In light of the above situation, this study aims to fulfil the purpose of the differential-deformation identification of HSR substructures, mainly on the basis of dynamic inspection of longitudinal-level irregularity. Meanwhile, the base information account of railway infrastructures, which contains locations, lengths and types of substructures and curves, is also gathered and utilized. Then, a differential-deformation-identification method is proposed. In the method, a digital filter is designed to remove irrelevant information in the longitudinal level and a delicate convolutional-neural-network (abbr. CNN) is constructed to automatically identify potential substructure deformations. Finally, the locations of identified deformations are matched with the base information account, to determine the exact deformation types.

The rest of the paper is organized as follows.
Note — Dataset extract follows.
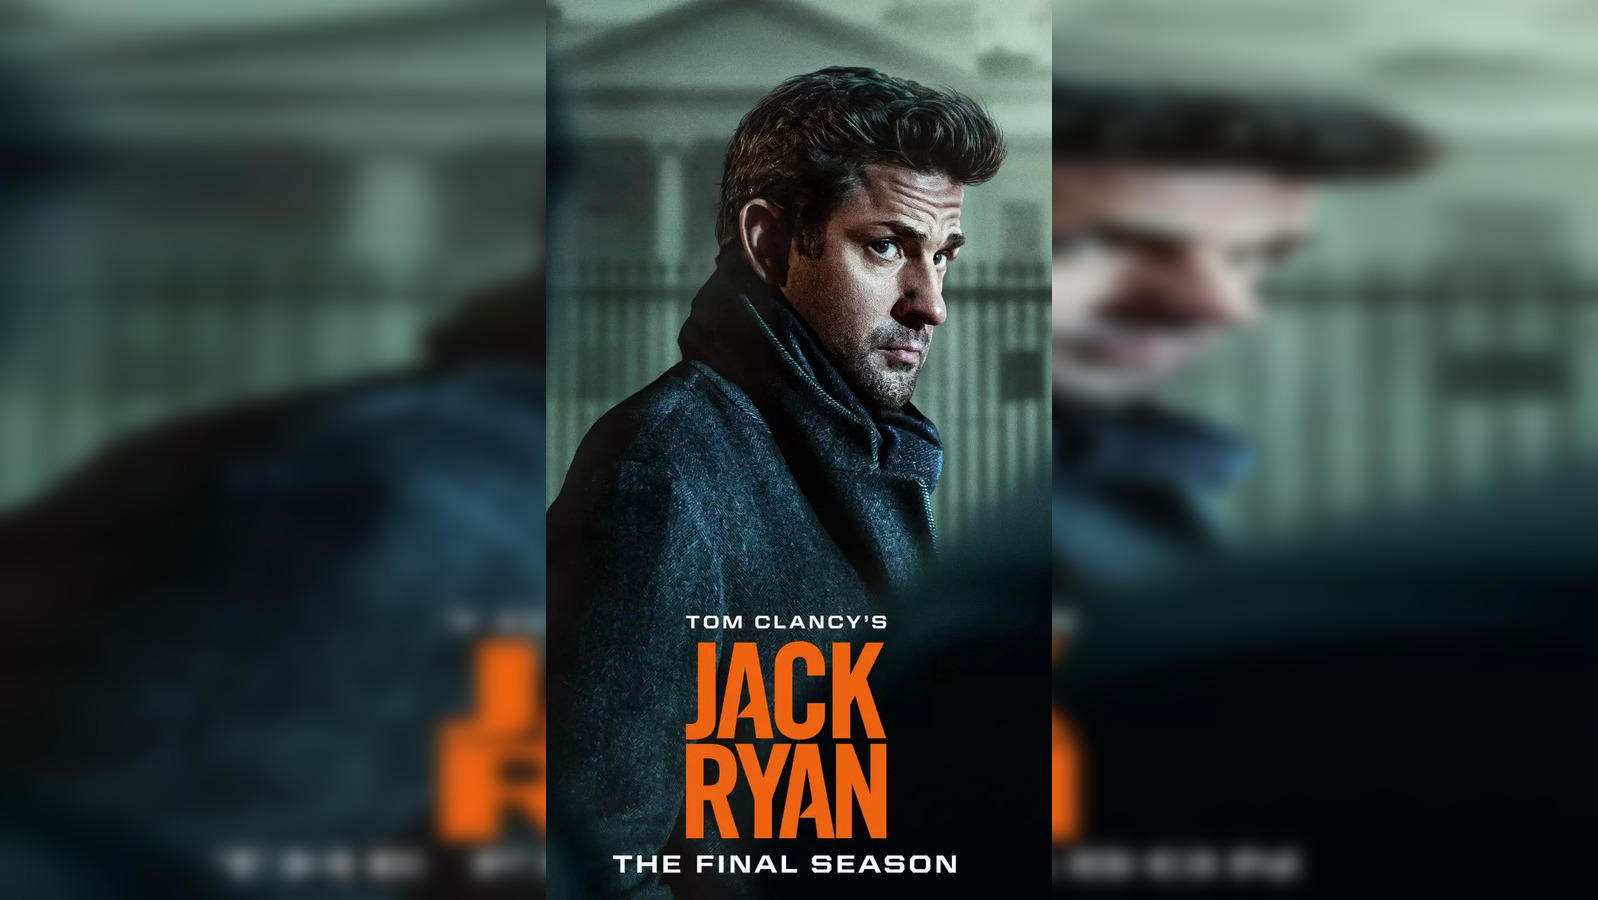 Krasinski's 'Jack Ryan' returns to TV after 3-year wait

The fundamental principle of track dynamic inspection, on-board CITs, and basic information about TID are introduced in Section 2, while the proposed differential-deformation-identification method is detailed in Section 3. Then, a case study and evaluation of the method are presented in Section 4. Finally, Section 5 summarizes the main conclusions.

2. Track Dynamic Inspection

CITs are instrumented with the track-dynamic-inspection system, which mainly consists of accelerometers, displacement meters, gyroscopes, acquisition devices and signal processing computers. CITs typically conduct dynamic inspection at a commercial speed, and the major inspection item is geometric track irregularities, including longitudinal level (surface), alignment, gauge, cross-level and twist [26]. As the substructure deforms mainly in the vertical direction, it is most correlated with the geometric parameter of the longitudinal level, which is inspected in accordance with the basic theory of the inertial reference method [27], as plotted in Figure 2.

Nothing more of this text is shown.